Die Brille stellt jegliches Videomaterial dar, das sich über die iPod-Anwendung am iPhone ausgeben lässt. Aber auch App Store-Anwendungen wie ‚Air Video‘ (iPhoneBlog-Link), die von einem Mac oder PC Videodateien per WiFi auf das iPhone streamen, lassen sich von der Zusammenarbeit mit der Brille überzeugen. Leider limitiert Apple die Videoausgabe und erlaubt nicht, Spiele oder andere Programme über den Dock-Anschluss und damit die Videobrille anzuzeigen.

zeiss1.jpgzeiss2.jpg

Die Cinemizer Plus verarbeitet auch 3D-Material. Dazu lässt sich derzeit als primäre Quelle YouTube nennen. Die Schlagwortsuche nach ‚yt3d swap=true‚ entdeckt rund 850 Dateien, die in plastischer Darstellungsform durch die 3D-Brille an die Auge gelangen.

Anwendungsfall

Als klassische Anwendungsfälle für die Brille gelten Vielflieger. Wer nicht unbedingt erster Klasse reist, genießt das große Filmformat direkt vor den Augen und ärgert sich nicht mehr über die stark verfärbten Röhrenmonitore.
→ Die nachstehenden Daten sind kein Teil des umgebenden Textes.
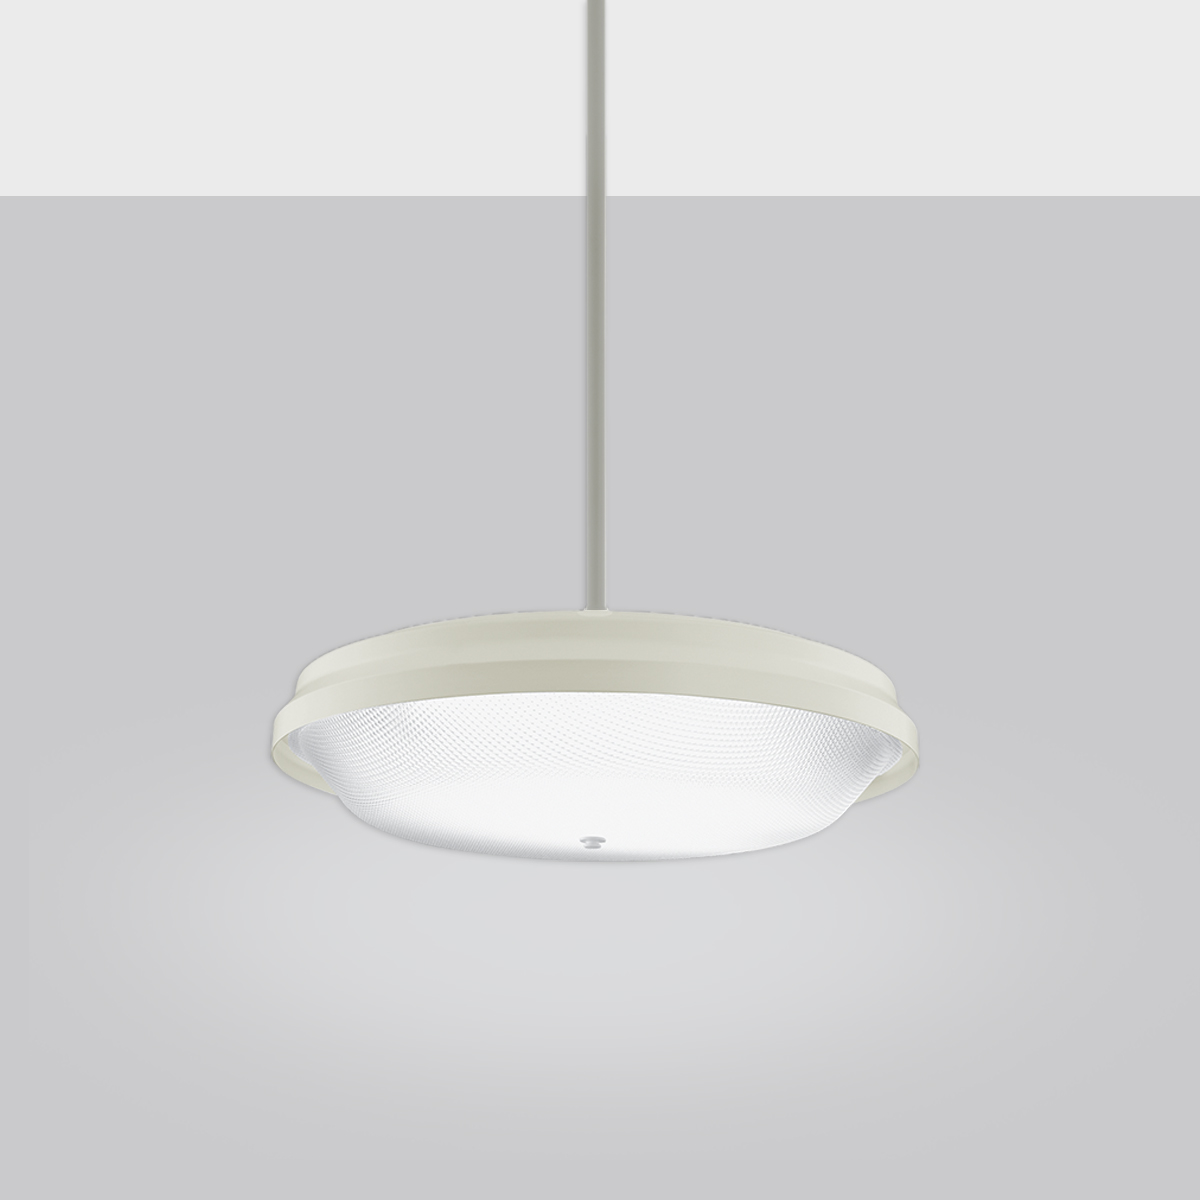 A midbay pendant for industrial performance lighting

Außerdem ist die Brille bereits bei Zahnärzten sehr populär, um den kleinen Kindern nicht den Zahnsteinbohrer sondern ein lustiges Donald Duck-Video vor die Nase zu halten. Aber auch privat habe ich es als sehr angenehm empfunden, mich auf den Rücken zu legen und an der ‚Decke‘ das gewünschte Videobild zu verfolgen.

Es bedarf einer gewissen Umstellung, mit diesem ‚Nasenaufsatz‘ so dicht am Gesicht einen Film zu schauen. Wer sehr empfindlich auf Druckstellen reagiert, friemelt eine ganze Weile bis die Brille richtig sitzt.

-> Video-Link*

Fazit

Wer sich einen persönlichen Anwendungsfall für die zirka 100g-schwere Videobrille vorstellen kann, stört sich nicht an der etwas plastikartigen Verarbeitung und dem kostenintensiveren Preispunkt.

Vornehmlich liegt es jetzt an Carl Zeiss-Partnern wie Apple und der Filmindustrie, hochaufgelöstes Material für den Endkunden – auch über die iPhone-/iPod-Schnittstelle – verfügbar zu machen. Insbesondere die Limitierung der Videoausgabe sollte Apple beschäftigen. Mit über 20.000 verfügbaren App Store-Spiele könnte die Zeiss-Brille ein echter Publikumsmagnet werden.